As usual, there are opposing forces at work here: efficiency versus maintainability. My best advice is to do whichever minimizes pain for you and your users. "Pain-Driven Programming" is often a useful paradigm when deciding how to refactor/optimize code.

A question to ask is "how many times will a user access their privacy or profile pages?" If you're talking about a couple times a day across the entire user base, the added load of pulling two separate models amounts to milliseconds: neither your server or your users are going to notice. Even if "maximum efficiency" means 20 millis and "horribly inefficient" means 43 (over twice as long!), they'll still both appear instantaneous to the user.

On the flip side is ease of use for the programmer. My rule is that if it isn't hurting the user experience and it isn't requiring extra hardware, make it as easy to maintain as possible.

Splitting the data across 3 models is intended to keep things in neat little boxes so you only deal with the part of the user you're interested in at that moment. But a user page will never access the 2 dependent datasets except through the user model, so they are effectively linked regardless. If you were displaying cross-user data (say a page that displays what percentage of men vs women are on the site, or a pie chart breaking out the various "favorite activities"), then there would be situations when you'd query directly against the profile model and skip the user model entirely. But those queries could be run against a consolidated user model without change.

Your description of the user model sounds more like a "user login" model: it doesn't represent a complete "user" concept. If the total number of fields across the 3 models is manageable (and you'll have to decide that for yourself, but you should be able to handle at least a dozen or so before it starts getting unwieldy), I'd consolidate in order to have everything you're interested in in a single location. If that starts causing you pain, split the painful parts out into their own model. The pain will show you how to do it. Until you feel pain, you're just guessing.

As far as templates go, different views can depend on the same model, so all 3 views would depend on the consolidated user model: there's no requirement that you display ALL the model attributes in every form, just the relevant ones.

A common technique these days is to include multiple related forms on the same page, with javascript that hides all but the one you're currently interested in and tabs that allow the user to navigate between them without switching pages. Very fast and easy to maintain for the programmer, since they can all be sections of a single form underneath. I'd give that a serious try.

coderbydesign commented 11 years ago

I think Bill hit it on the head. The takeaway being: if it's something that's obviously affecting the user experience, it's worth the time spent changing. If the perceived inefficiency is not affecting the user experience or hardware requirements, it can sometimes be easy to over-design, or refactor too much, too soon. With that said, as Bill mentioned, if something becomes too difficult to maintain and there is no real affect on user experience, it can still be advantageous to "clean up your mess" (http://www.youtube.com/watch?v=f5I1iyso29U) to help make the app more maintainable and extendable.

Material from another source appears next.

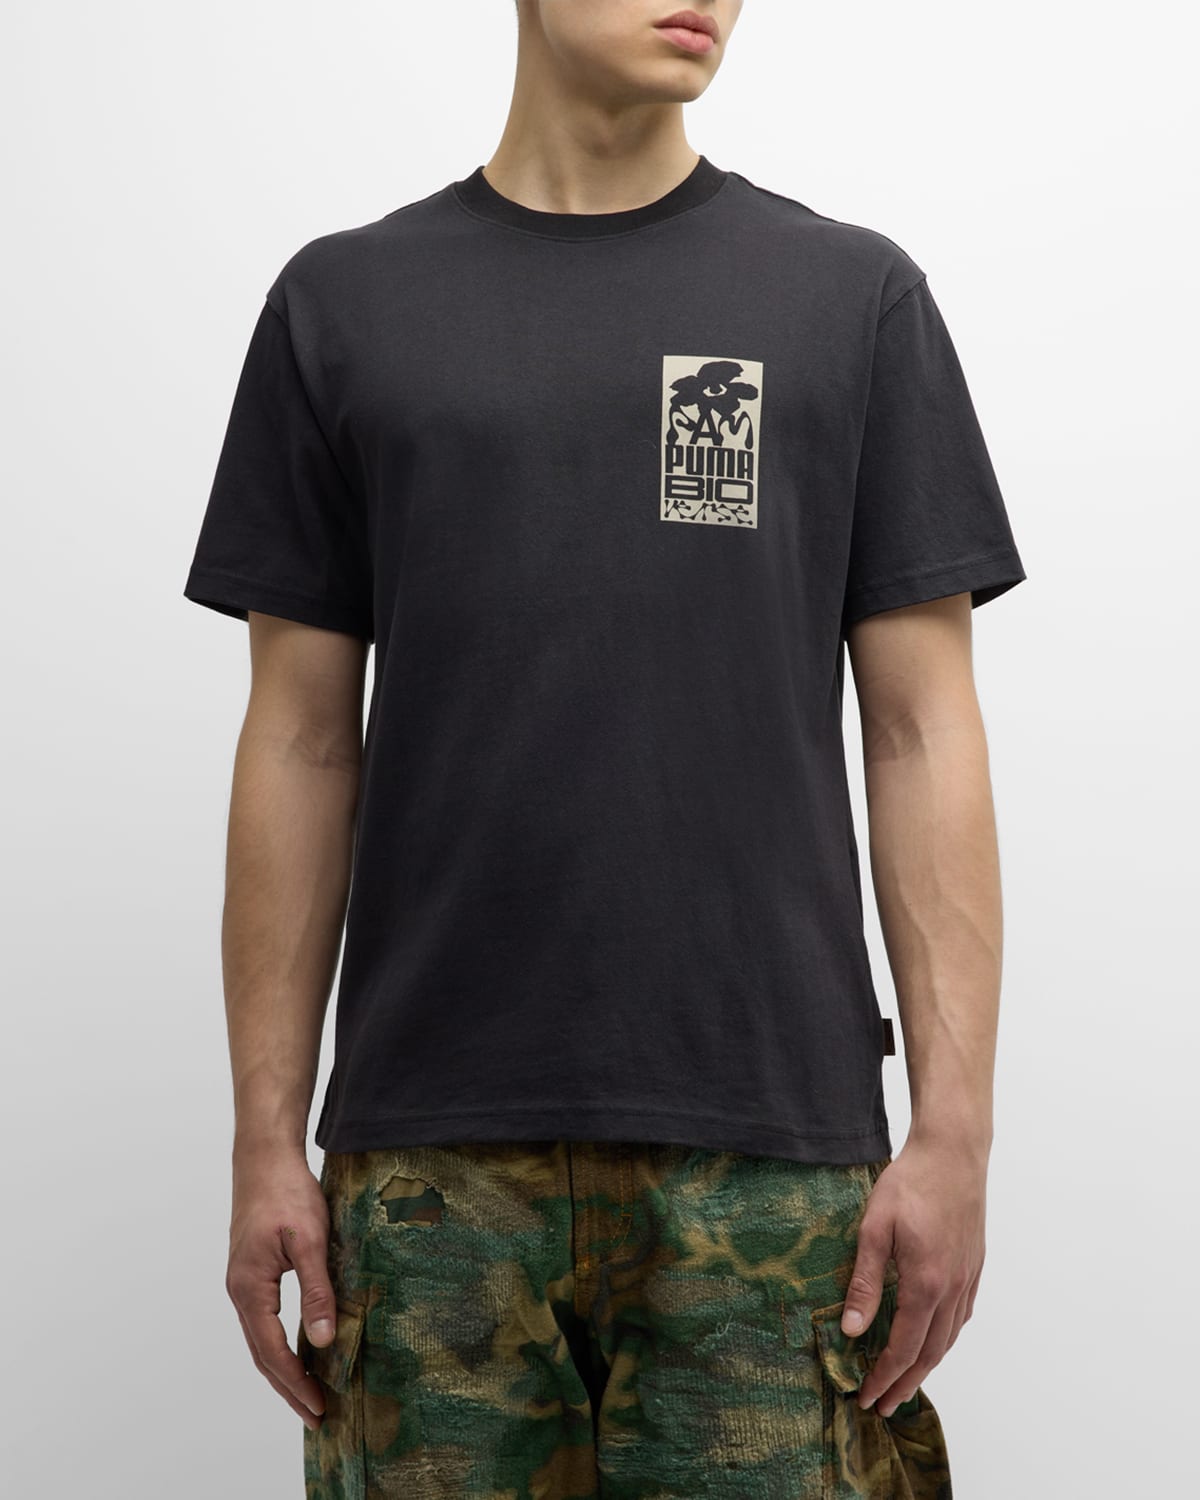 x P. A.M. Men's Graphic T-Shirt
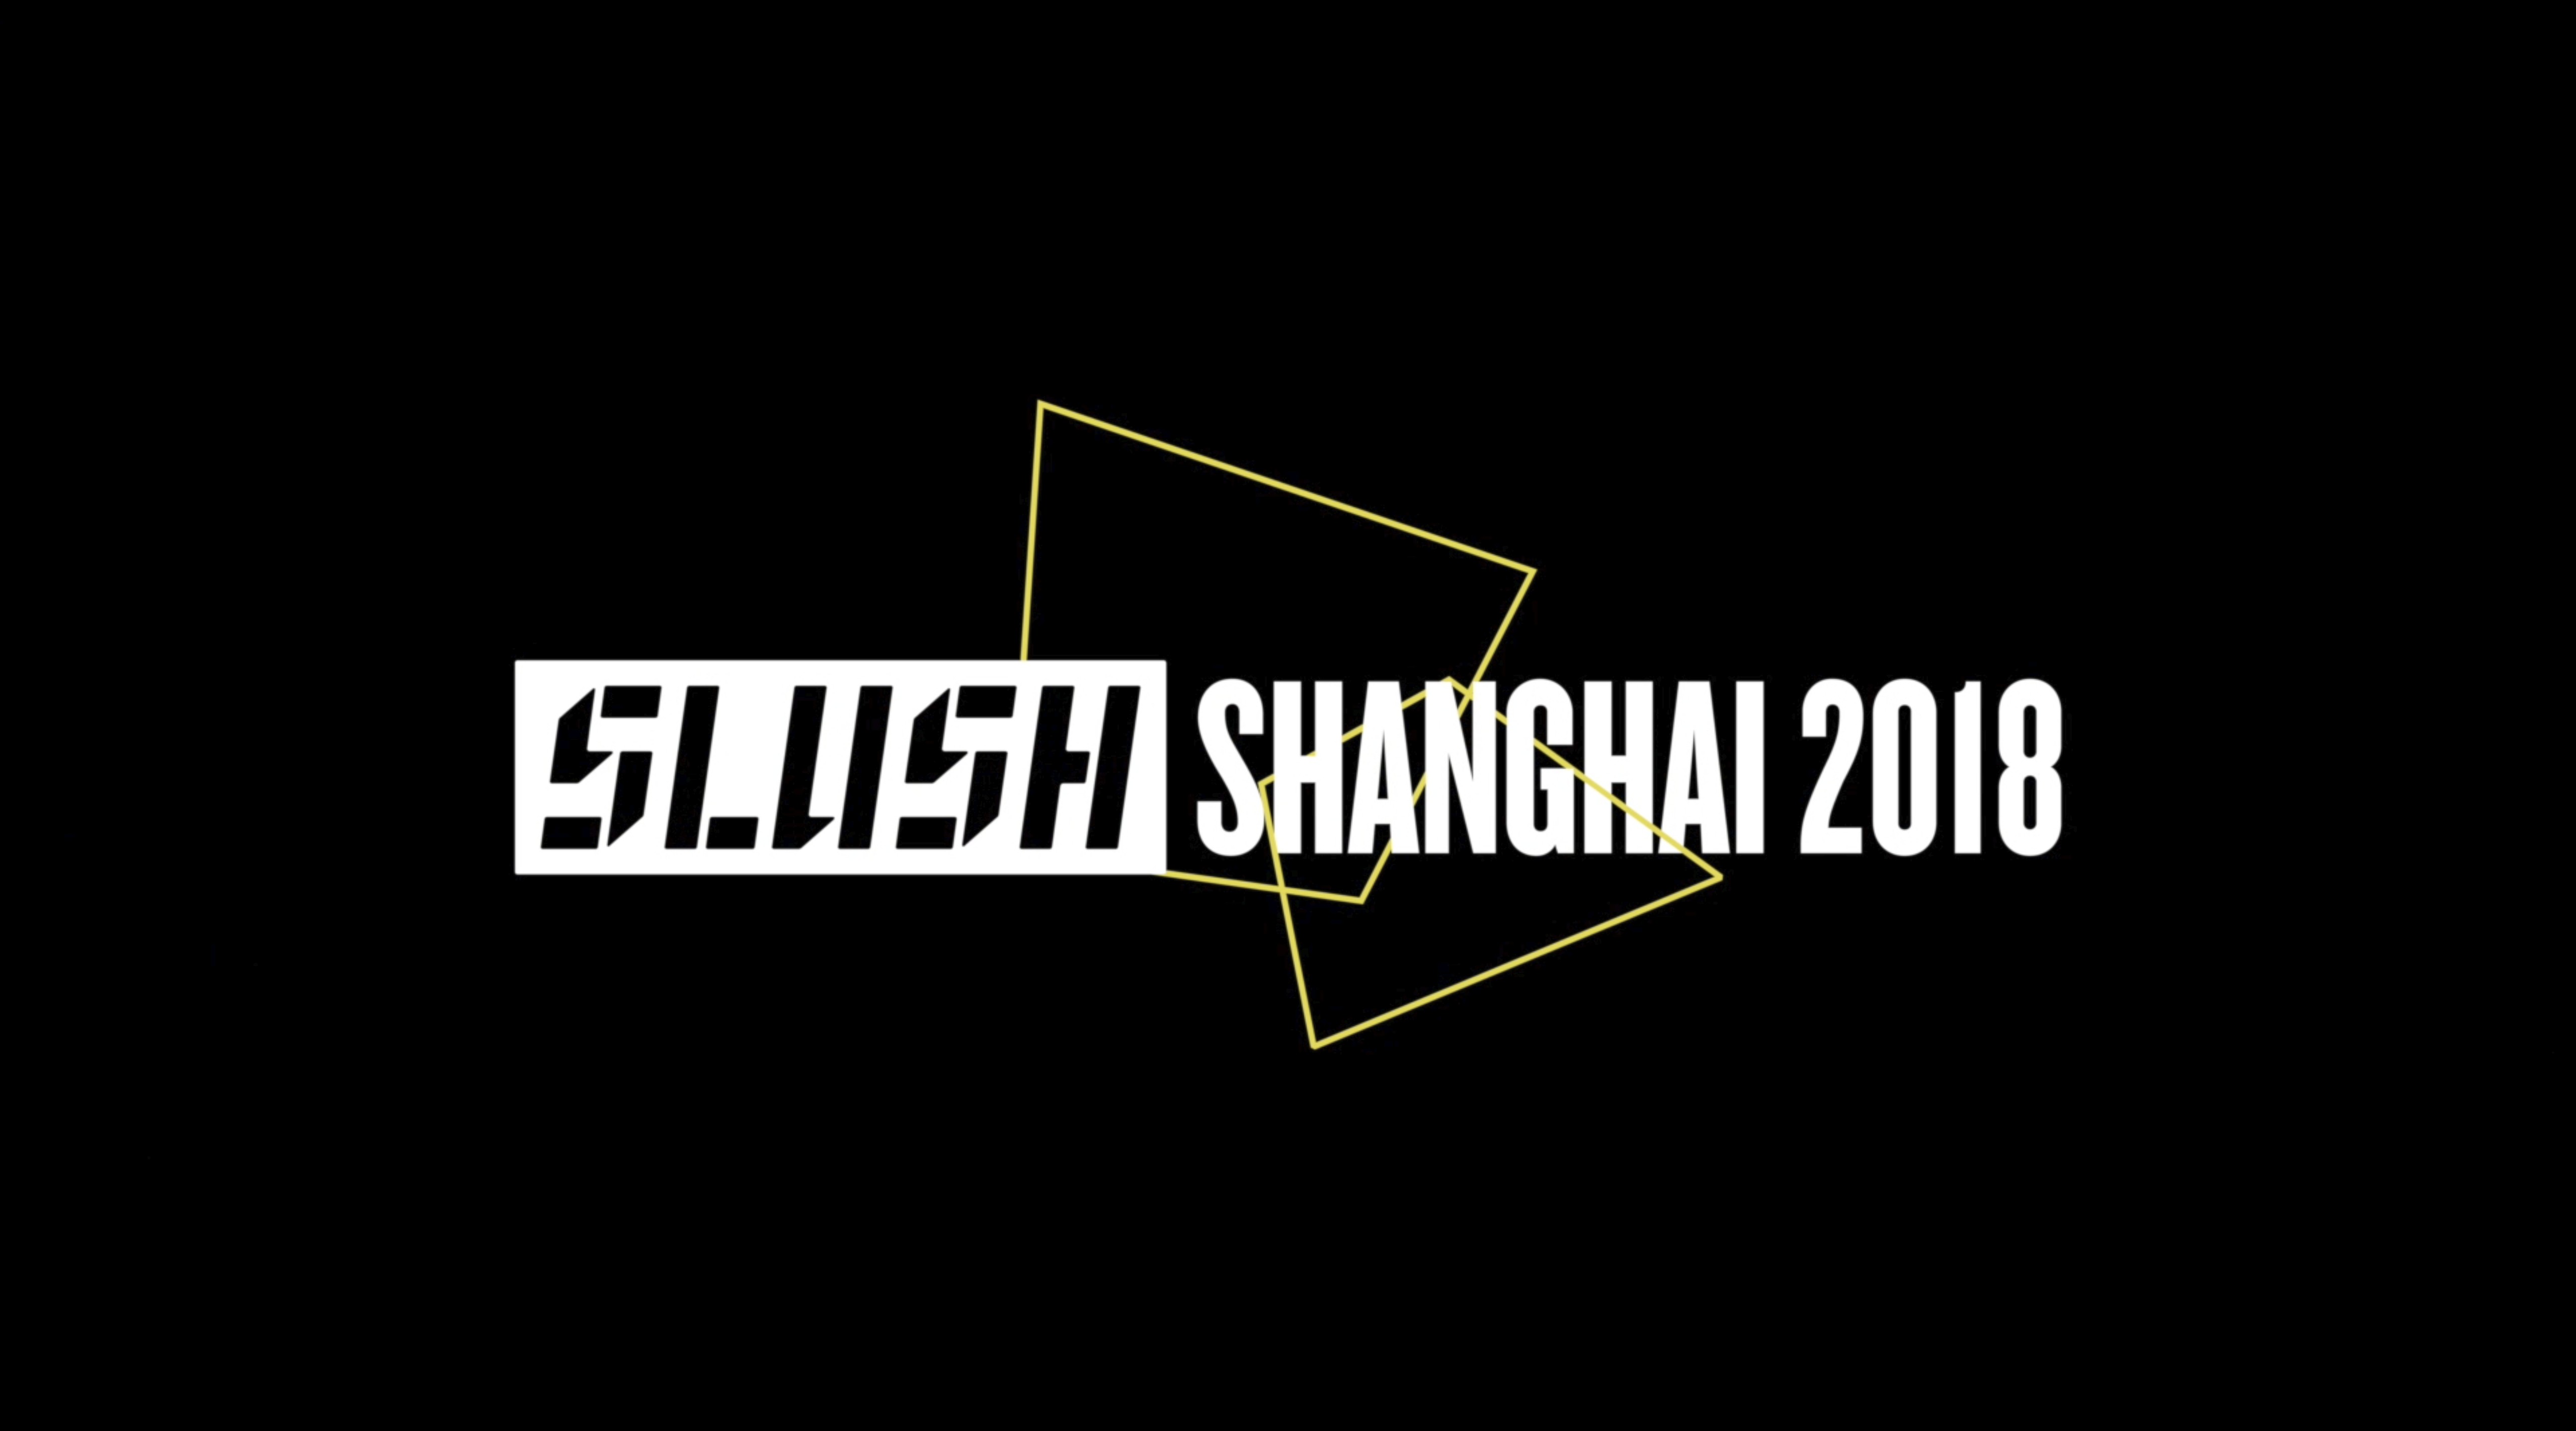 SLUSH SHANGHAI 2018

The difficult thing that I've encountered, especially in agile development, is that it can be difficult if not impossible to predict all trouble-points in an application before it's in production. Bill's comment on "feeling the pain" is something that I've tried to embrace. Thinking forward as much as you can, and anticipating issues or changes can make things easier when things do end up needing to be changed, but in some cases you may be making things harder on yourself by solving problems that don't yet (and may never) exist. As long as you've allowed for it, once you feel the pain you can generally let the issue guide you to the correct design solution. There seems to be a balance of design for efficiency/UE and design for maintainability that can change from project to project. That's just my two cents on a broader level from my experience.